In 1899 Powicke went to Balliol College, Oxford, Tout's old college. He became a Brackenbury scholar of the college and read classics with only moderate success, obtaining a second class in literae humaniores in 1902. He then returned to history and achieved a first class in that subject in 1903. Meanwhile he had become a Langton research fellow at Manchester University, a fellowship which he held from 1902 to 1905. This allowed him to do his first serious piece of historical research on Furness Abbey for the Victoria county history of Lancashire.

With the exception of Tout, who supported him throughout, Powicke at this time was undervalued by those who made academic appointments. From 1905 to 1906 he was assistant lecturer at the University of Liverpool, but he failed to get his position renewed, and Tout brought him back to Manchester as assistant lecturer from 1906 to 1908. His election to a prize fellowship at Merton College, Oxford, in 1908 was the turning point in his career and Powicke never ceased to feel a warm attachment to the college which had rescued him from obscurity. A series of important articles in the English Historical Review from 1906 to 1909 laid the foundations of his academic reputation and from this date his troubles in getting employment were over. From 1909 to 1919 he was professor of modern history at Queen's University, Belfast; from 1919 to 1928 professor of medieval history at Manchester; and from 1928 until his retirement in 1947 regius professor of modern history at Oxford. After his retirement he received Studies in Medieval History Presented to Frederick Maurice Powicke, edited by R. W. Hunt, W. A. Pantin, and R. W. Southern (1948), which contains a full bibliography of his publications to that date. He was given a room in Balliol where he continued to work until shortly before his death. He left his books to Balliol College.

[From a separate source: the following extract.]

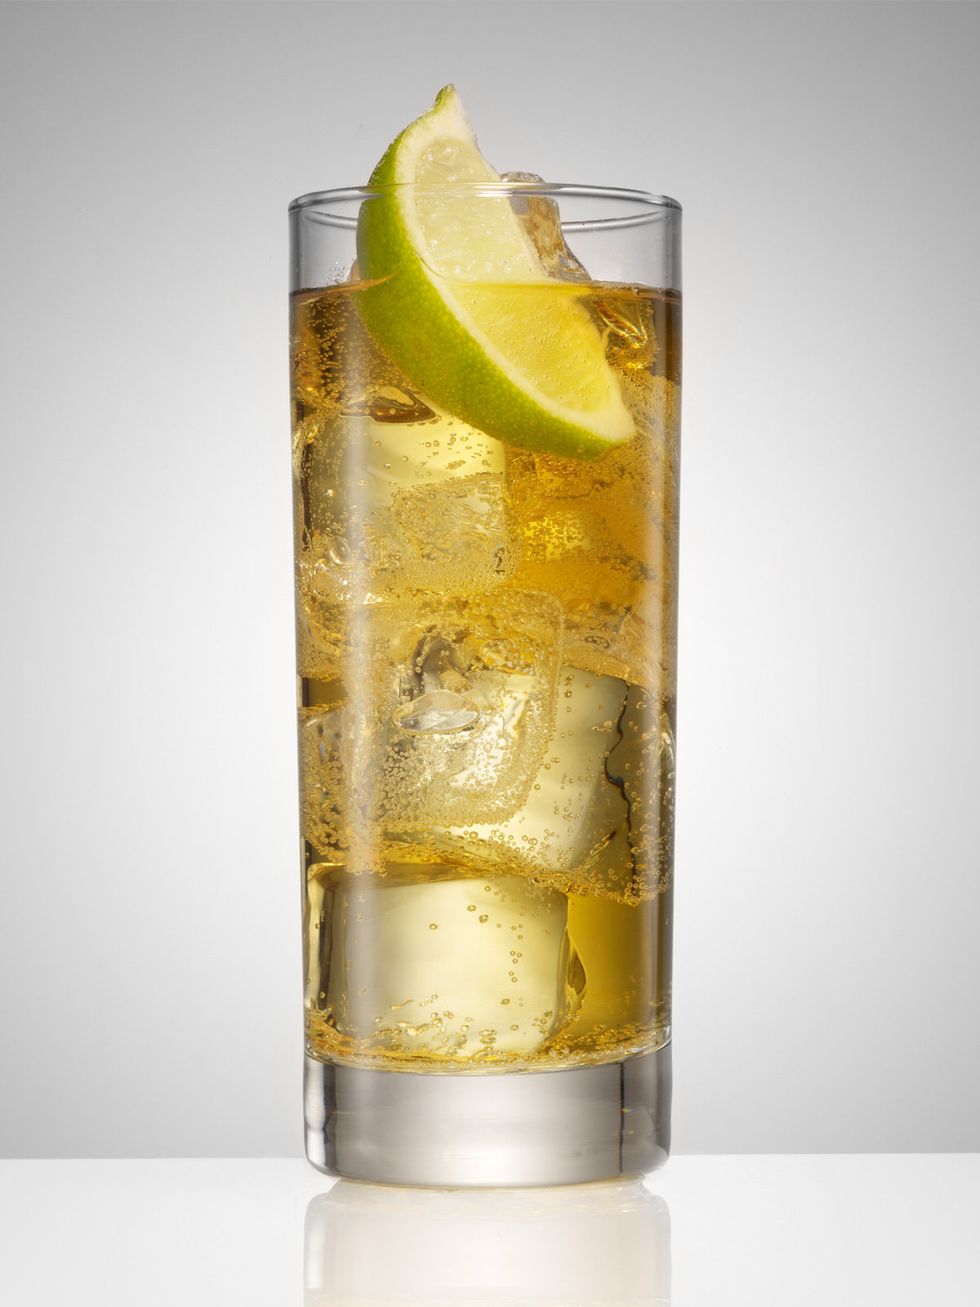 Liquid, Fluid, Drink, Lemon, Citrus, Glass, Cocktail, Fruit, Classic cocktail, Meyer lemon, 
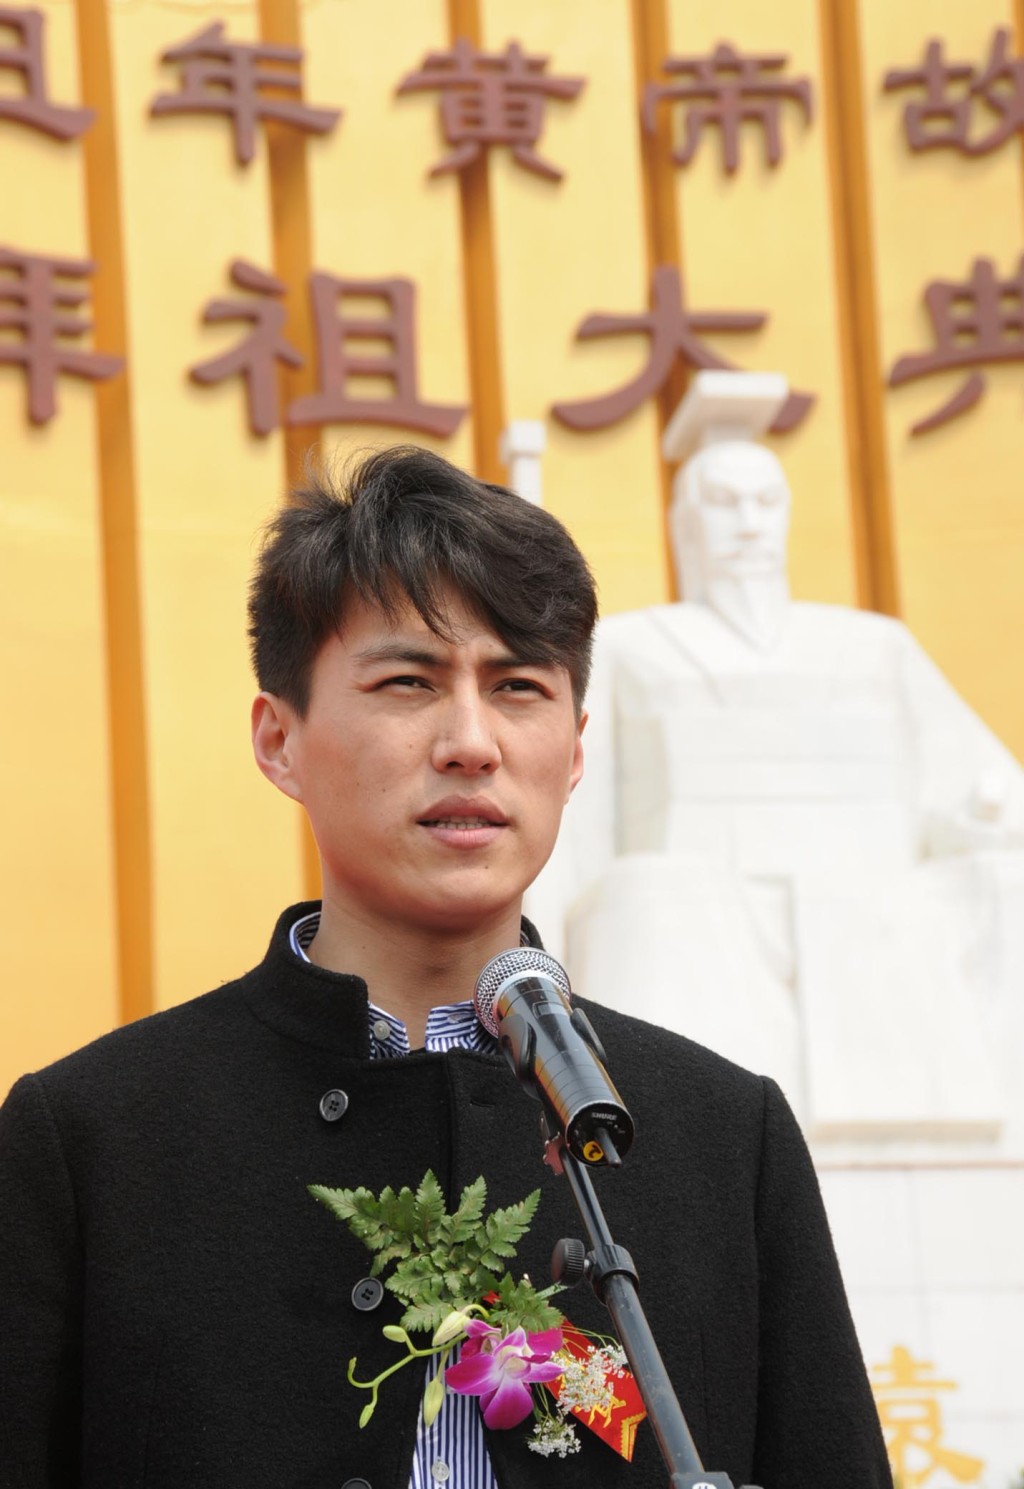 靳东曾在大型史诗电影《黄帝》中出演黄帝。 中新社

In his inaugural lecture at Oxford, Powicke described his ideal of a degree in history as combining the ‘two kinds of experience which historical study can provide, namely the lessons suggested by the historical treatment of political science and of general historical developments, and the discipline implied in the careful intensive study of a special historical subject’ (‘Historical study in Oxford’, reprinted in F. M. Powicke, Modern Historians and the Study of History, 1955, 173), but his persistent failure to get the undergraduate course divided into two parts on the Manchester model clouded his Oxford years. His individual genius as a teacher ensured that he made a greater contribution to the study of history at the university than any professor since Stubbs, and that Oxford replaced Manchester as the leading centre for medieval studies. Illuminating and suggesting rather than explaining, and encouraging graduate students to follow their own way while remaining the most important single influence in their work, he produced a generation of distinguished medievalists often very different in style from himself.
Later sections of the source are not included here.